Revenue ruling · 1965

Rev. Rul. 65-79

Rev. Rul. 65-79, 1965-1 C.B. 26

IRS revenue ruling

Audio summary

A short audio walkthrough of this rule: what it says and why it matters for your study.

What it holds

Certain bank assets, including vault doors, night depositories, and walk-up and drive-up teller windows, qualify as Section 38 personal property for investment tax credit purposes. A drive-up teller booth, by contrast, is a building under Regulation 1.48-1(e). Property may be personal property for tax purposes even if local law treats it as a fixture.

Why it matters for your study: This is one of the earliest rulings applying the structural-component definition to classify specific building parts as personal property. It laid the groundwork for the same classification framework used in every cost segregation study today.

Where this comes from

In 1965, the investment tax credit (ITC) gave businesses a direct credit against their tax bill for buying tangible personal property. The credit did not apply to buildings or structural components of buildings. So whether something was personal property or part of the building had a direct and immediate tax consequence.

Revenue Ruling 65-79 came from the IRS in 1965 and answered this question for a specific set of bank assets. The ruling applied the structural-component definition in Regulation 1.48-1(e), which was the ITC regulation defining what counts as a building versus personal property.

What it established

The ruling analyzed several specific bank assets and decided which side of the line each one fell on. Vault doors, record vault doors, night depositories, and walk-up and drive-up teller windows all qualified as Section 38 personal property eligible for the ITC. They were equipment, not the building itself.

A drive-up teller booth was ruled to be a building. Its enclosure and structure made it more like a building component than a piece of equipment.

The ruling also made an important statement about the role of state law. Property can qualify as personal property for federal tax purposes even if the local state law treats it as a fixture attached to real estate. Federal tax classification is determined by the federal standard, not by local property law.

How it shows up in a study

This ruling is part of the foundational precedent that every cost segregation study draws on. The ITC regulation that this ruling applied used the same structural-component definition that carries through into MACRS depreciation analysis. The IRS confirmed in its Action on Decision AOD 1999-008 that the personal property principles from the ITC era apply to the MACRS context.

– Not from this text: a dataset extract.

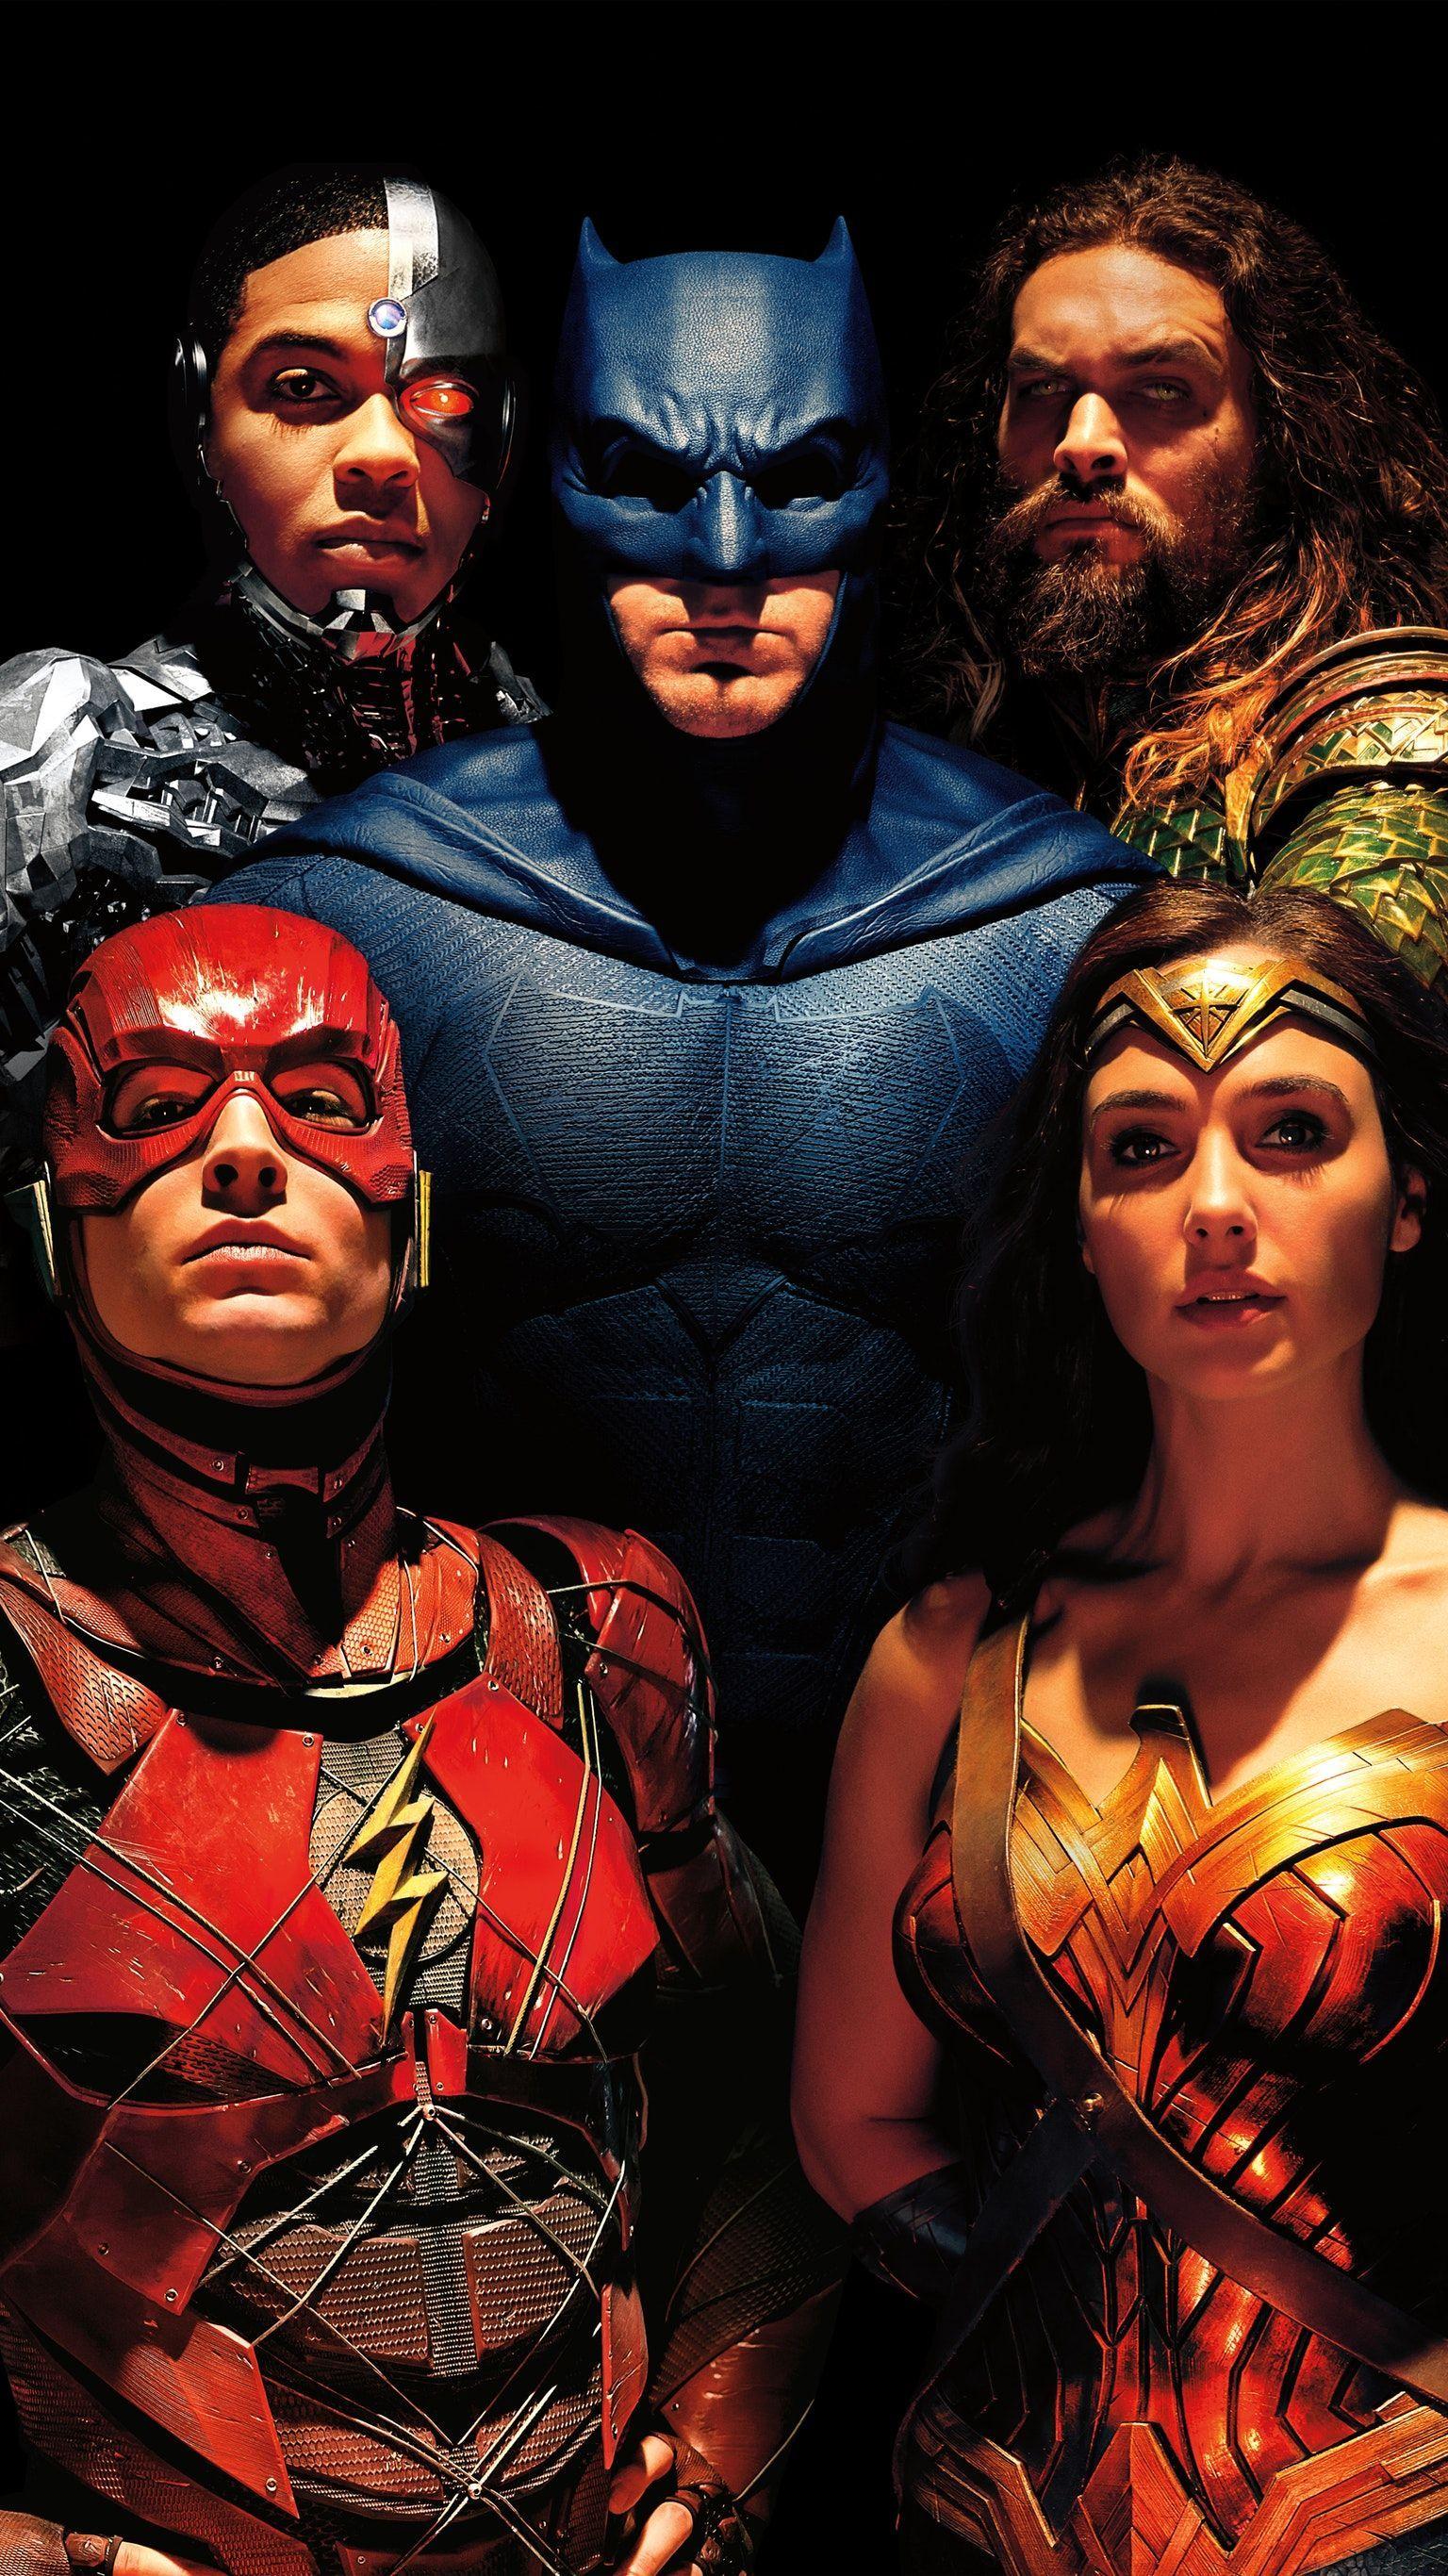 Justice League (2017) Phone Wallpaper. Moviemania. Justice league Justice league full movie, Justice league

The practical lesson from this ruling is that specific-purpose items installed in a building, such as teller windows, vault doors, or other equipment tied to the building's use, can qualify as personal property even though they are physically attached to the structure. The question is whether they function as part of the building itself or as part of the business operation inside the building.

What it does not mean

This ruling was decided under the ITC regulations, not under MACRS. The specific tax credit it addressed no longer exists in its original form. The ruling has historical force as precedent, not as a binding rule that directly determines today's MACRS classification.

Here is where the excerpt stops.